LC-MS Analysis of Underivatized Bisphosphonate Drugs Using Mixed-Mode Reversed-Phase/Anion-Exchange Chromatography

Bisphosphonates (BPs) are an important class of drugs used for the treatment of bone density loss from natural aging and from human disease. Many of the methods previously reported for these polar, acidic drugs require derivatization for analysis by LC-MS (liquid chromatography-mass spectrometry). In this application note, a 6-minute reversed-phase LC-MS method was developed for the detection of four bisphosphonate drugs without requiring a derivatization step.

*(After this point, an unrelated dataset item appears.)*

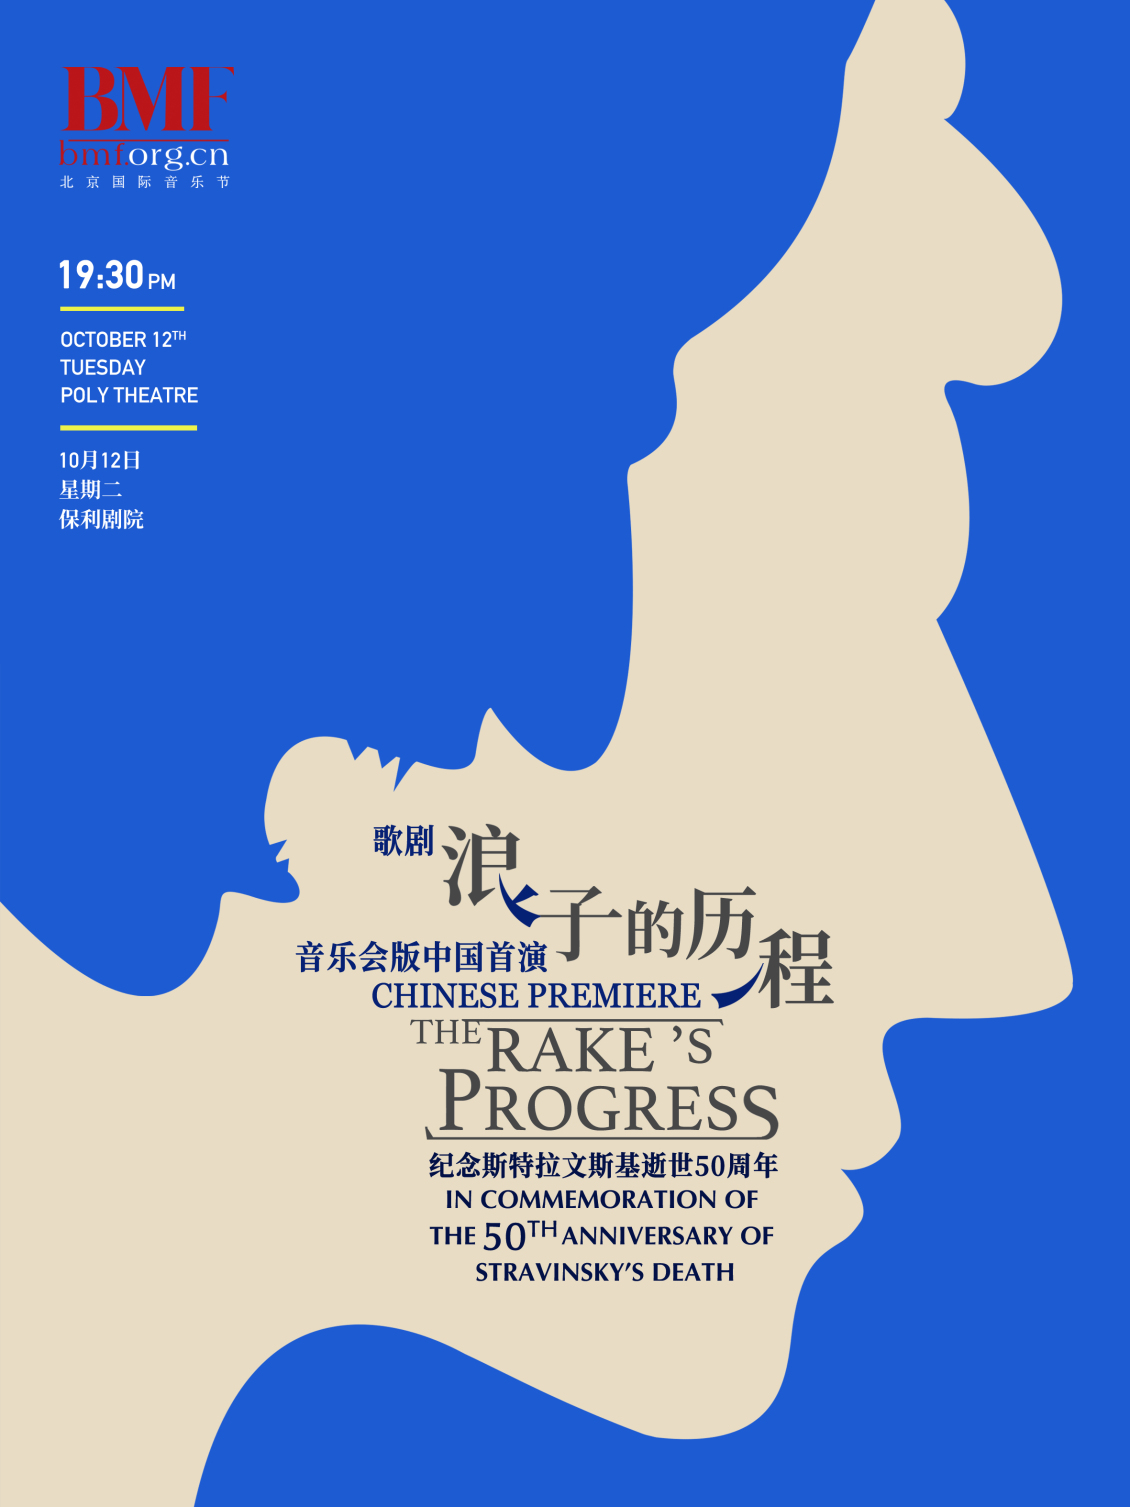 淘宝美工小李爱设计北京国际音乐节音乐会海报作品

For this work, a mixed-mode reversed-phase/anion-exchange column was employed, specifically the Atlantis™ Premier BEH™ C₁₈ AX Column. The analytical data demonstrated good retention and resolution of four bisphosphonate drugs. Peak analytical data was reproducible across 6 replicate injections. Additionally, the column’s MaxPeak™ High-Performance Surfaces (HPS) hardware provided higher peak areas when compared to a stainless-steel counterpart by mitigating non-specific adsorption of the analytes to the column hardware.

Benefits

• A fast mixed-mode LC-MS method is reported for bisphosphonates that doesn’t require sample derivatization
• The Atlantis Premier BEH C₁₈ AX Column resolved most bisphosphonates with good retention and peak shape
• The Atlantis Premier Column with HPS demonstrated higher peak areas and improved area precision compared to a conventional stainless-steel column

BPs have played a major role in the mitigation of bone density loss caused by diseases such as osteoporosis, Paget’s Disease of bone, and bone complications related to malignancy.¹ Specifically, BPs adsorb to bone surfaces and, once ingested and metabolized by osteoclastic (bone breaking) cells, inhibit their activity by blocking several key enzymatic pathways. Although patents for some bisphosphonates have ended or are about to end, their development as generic drugs is predicted to continue. Additionally, newer generation BPs called designer bisphosphonates are being synthesized with defined properties in terms of mineral affinity and actions on relevant enzymatic pathways.¹ Moreover, exciting new applications in medicine such as the treatment of inflammatory bone loss, orthopedic implant fixation, and anti-parasitic effects are being investigated.

BPs are a challenge to analyze by liquid chromatography. They are highly polar acidic molecules that are not well retained on reversed-phased columns. Most of them are not readily detectable using UV absorbance. Additionally, BPs can react with metal ions to form adducts and multiple-charged substances that are difficult to detect by mass spectrometry.² As a result, most HPLC methods for these drugs require a sample derivatization step to improve their retention and detection. This is especially needed for the analysis of BPs in complex biological matrices to help improve method sensitivity.²

In this work, a mixed-mode reversed-phase /anion-exchange (RP/AX) LC-MS method was developed to retain and separate bisphosphonate drugs using an Atlantis Premier BEH C₁₈ AX Column. This column combines the functionality of a C₁₈ stationary phase with anion exchange (AX) capability to retain highly polar acidic compounds. This column also employs an HPS to prevent undesired interaction with the column hardware, increasing sensitivity.

Sample Description

Four bisphosphonate drugs were prepared as individual stock standards at a concentration of 1 mg/mL in 90:10 (v/v) water and acetonitrile. They were then combined to create a bisphosphonate standard mix. All standards were stored at 4 ºC in polypropylene containers and were aliquoted into Waters™ QuanRecovery™ Vials for analysis by LC-MS.

Method Conditions

Considering the structures of the analytes (Figure 1) and the results of preliminary column screening, it was determined that a mixed-mode RP/AX column provides the best retention. These molecules are ionized above about pH 2, as the negative log of their first and second acid dissociation constants (pK_a1, pK_a2) are generally 2 or lower.³ While the amine substituents present in most of these drugs are protonated under acidic conditions, the presence of two phosphonate groups means that they mostly exist as anions. Consequently, they benefit from a column with anion-exchange functionality, such as Waters Atlantis Premier BEH C₁₈ AX Column. The stationary phase in this column is bonded with both C₁₈ and tertiary alkylamine groups, creating a positive surface charge below pH 8.⁴ The BEH particles used for this stationary phase have a smaller pore size than other BEH stationary phases (95 Å compared to 130 Å), providing increased retention due to a 50% higher surface area.⁴ Additionally, this column is usable over a wide pH range (2–10), so a variety of buffers at various pH values can be tested for method optimization.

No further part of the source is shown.